Apple-Stuffed Pork Chops
"My family has used apples for many great dishes, including this one from my grandmother that I adapted for two. It uses apples, apple butter and apple cider. My boyfriend loves it served with a baked sweet potato and green salad," says Heather Kenney of Arlington, Virginia.
SERVINGS
|
2
|
CATEGORY
|
Main Dish
|
METHOD
|
Baked
|
PREP |
30 min. |
COOK
|
15 min.
|
TOTAL
|
45 min.
|
INGREDIENTS
- 2 tablespoons apple butter
- 2 tablespoons cider vinegar
- 1 tablespoon Dijon mustard
- 2 to 3 teaspoons minced fresh rosemary
- 2 boneless butterflied pork chops (6 ounces each)
- 3/4 teaspoon salt
- 1/4 teaspoon pepper
- 1 large tart apple, chopped
- 1/3 cup chopped sweet onion
- 2 tablespoons butter
- 3/4 cup apple cider or unsweetened apple juice
DIRECTIONS
In a small bowl, combine the apple butter, vinegar, mustard and rosemary. Flatten pork chops to 1/2-in. thickness; sprinkle with salt and pepper. Brush with apple butter mixture.

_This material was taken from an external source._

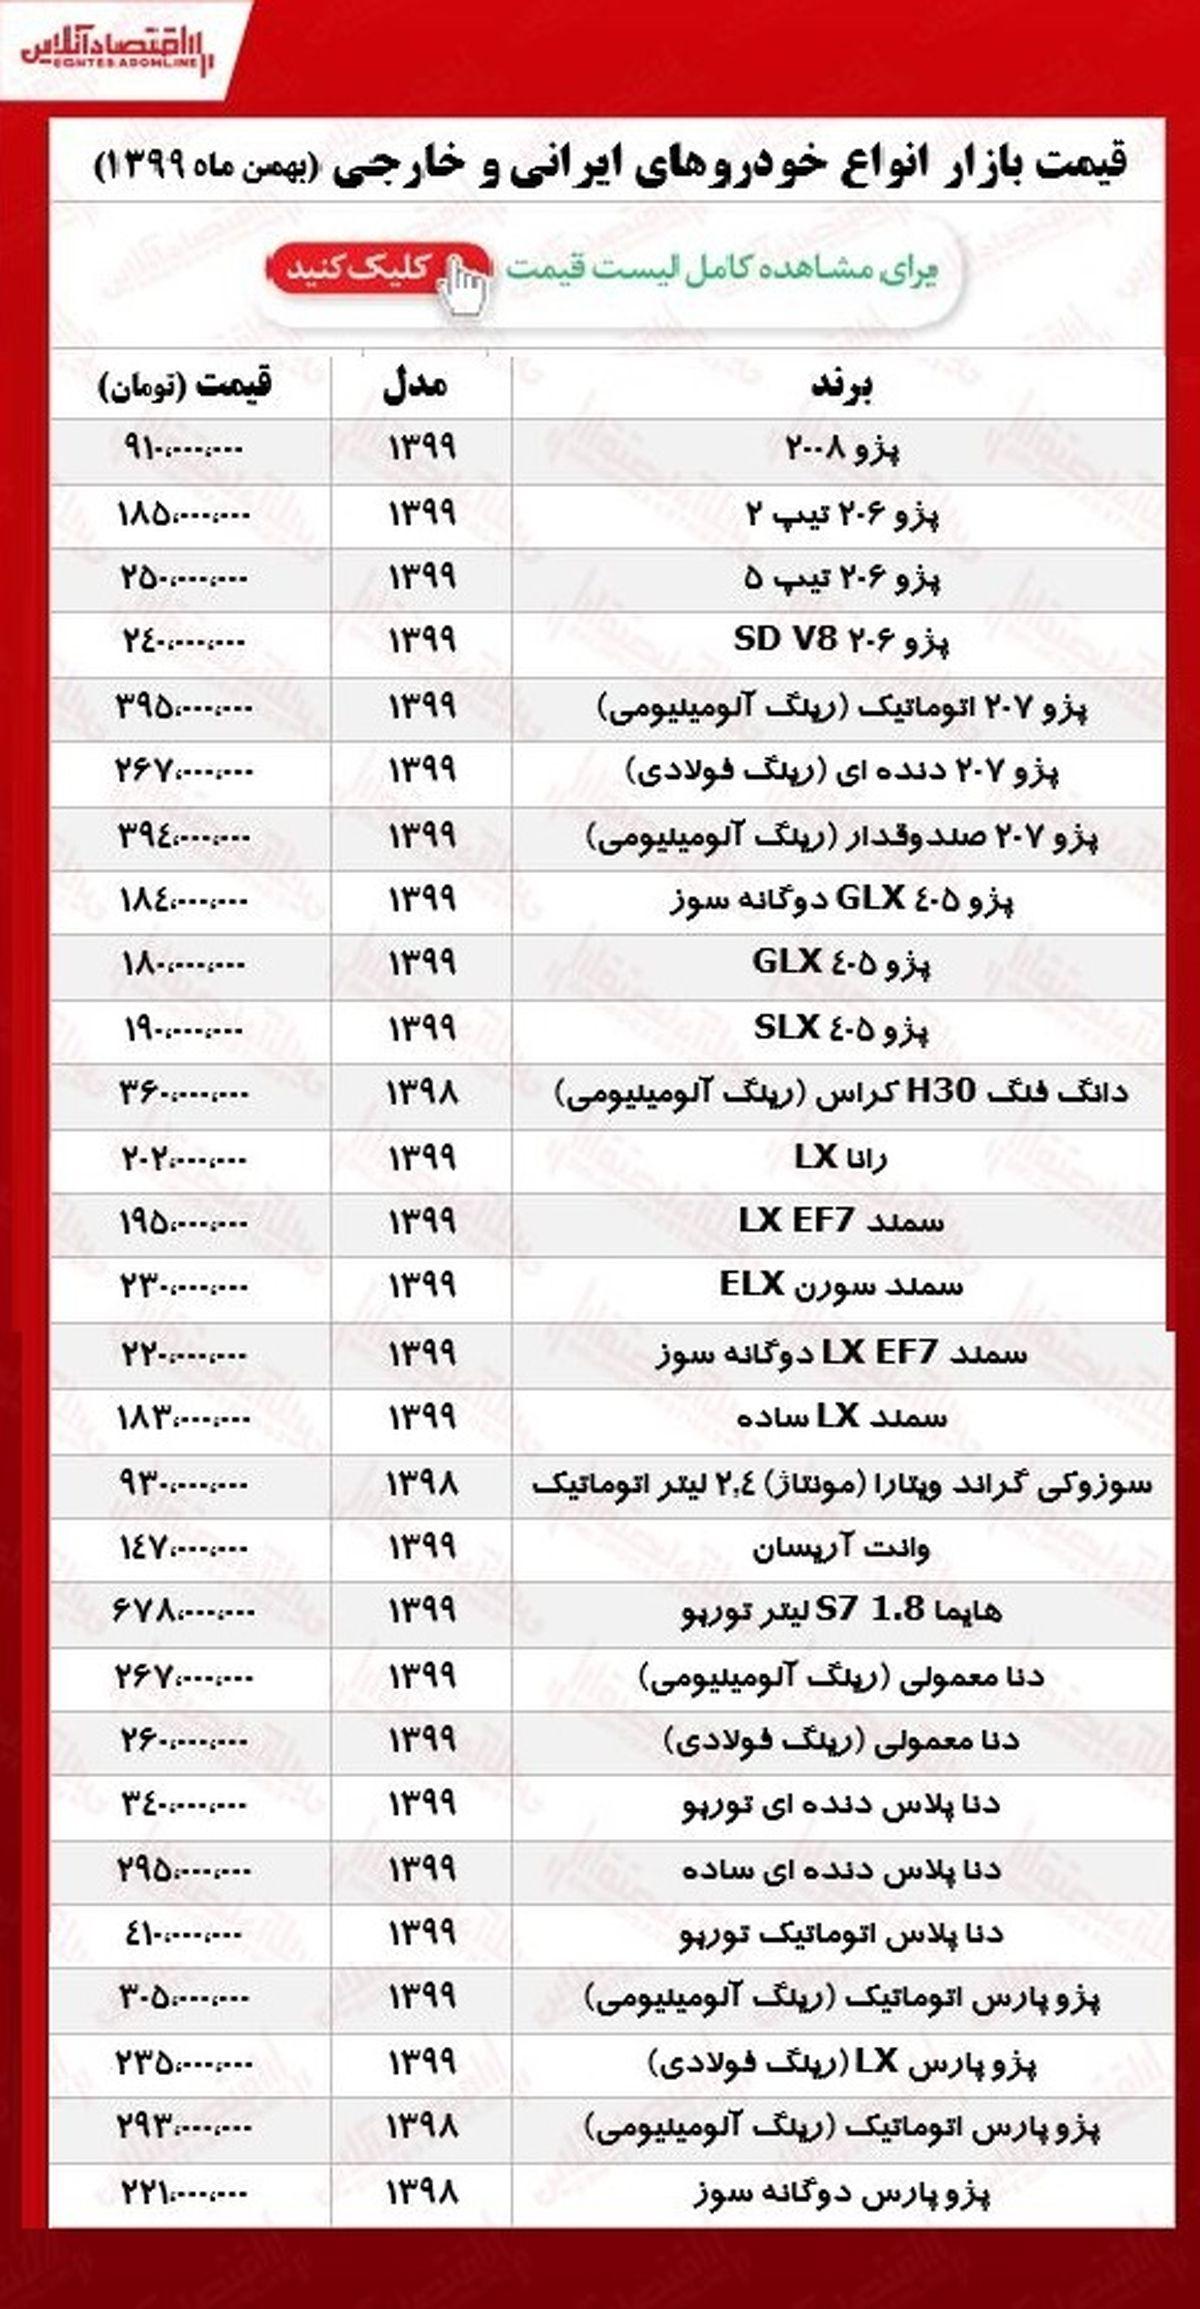 قیمت محصولات ایران خودرو امروز ۹۹/۱۱/۱۴

Combine apple and onion; place over one side of each pork chop. Fold other side of pork over filling and secure with toothpicks.
In a small ovenproof skillet, brown chops in butter on both sides. Add cider. Bake, uncovered, at 350° for 15-20 minutes or until meat juices run clear.
Remove chops and keep warm. Bring pan juices to a boil; cook until reduced by half. Discard toothpicks from pork chops; serve with sauce. Yield: 2 servings.